Sluštice () is a municipality and village in Prague-East District in the Central Bohemian Region of the Czech Republic. It has about 700 inhabitants.

Etymology
The name Sluštice is derived from sluha (meaning "servant"). The meaning of the name is "village of servants".

Geography
Sluštice lies about  southeast of Prague. It is located in the Prague Plateau. The Výmola brook flows through the municipality.

History
The first written record dates back to 1223 when the village was a property of Mstidruh of Sluštice. The parish church was founded in 1223, the stronghold was first mentioned in 1416.

In 1519 it was bought by Marta Pechancová of Bezděkov. At that time the stronghold was not inhabited, the village was controlled from Královice and Křenice and the local stronghold ceased to exist.

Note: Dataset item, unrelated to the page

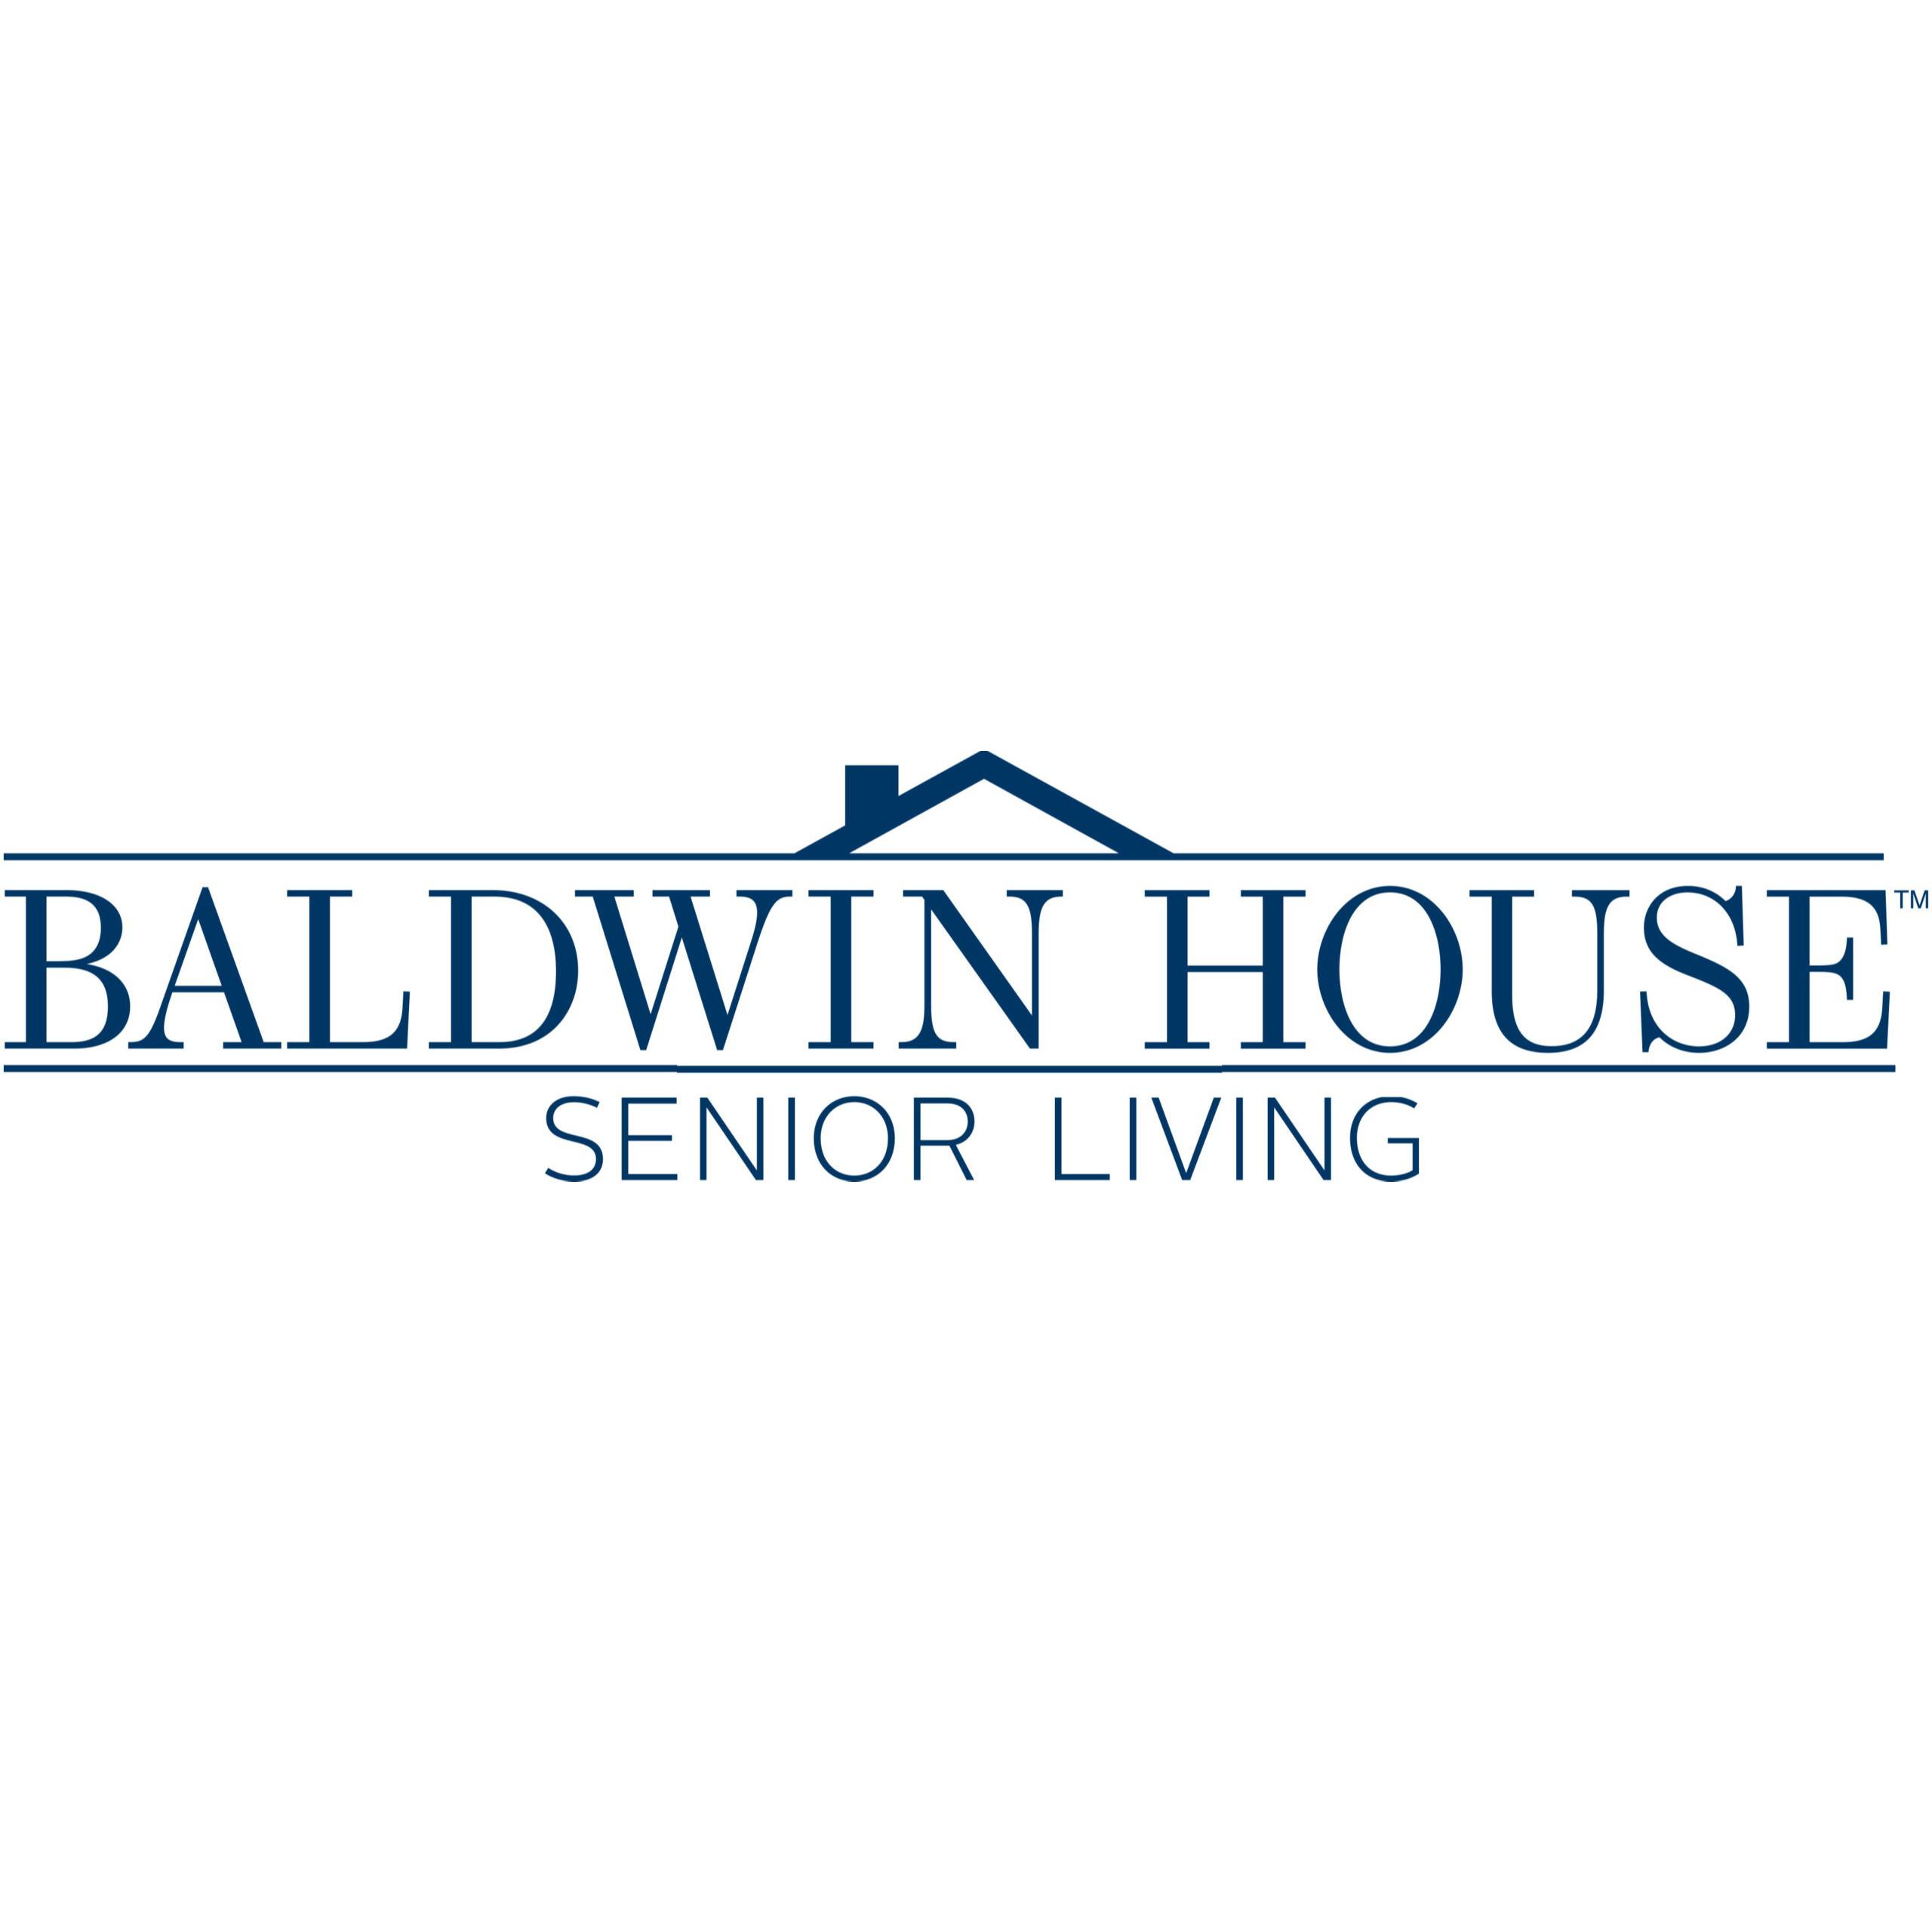 Baldwin House Senior Living Oakland - Pontiac, MI 48340 - (248)335-7020 | ShowMeLocal.com

The village of Sluštice belonged to the Královice and Křenice estates.

In 1623 (at the time of the Thirty Years' War) Sluštice was confiscated, sold to the Prince Karl I of Liechtenstein and incorporated into the estate of Škvorec with which it shared its fate.

Sights
The Church of Saint James the Great was built in the Baroque style in 1746–1749, after the original Gothic church from the 13th century was badly damaged by a fire in 1716. The roof and a part of the façade of the church were restored in 2006.

In popular culture
In the school building a part of the comedy The Snowdrop Festival was filmed.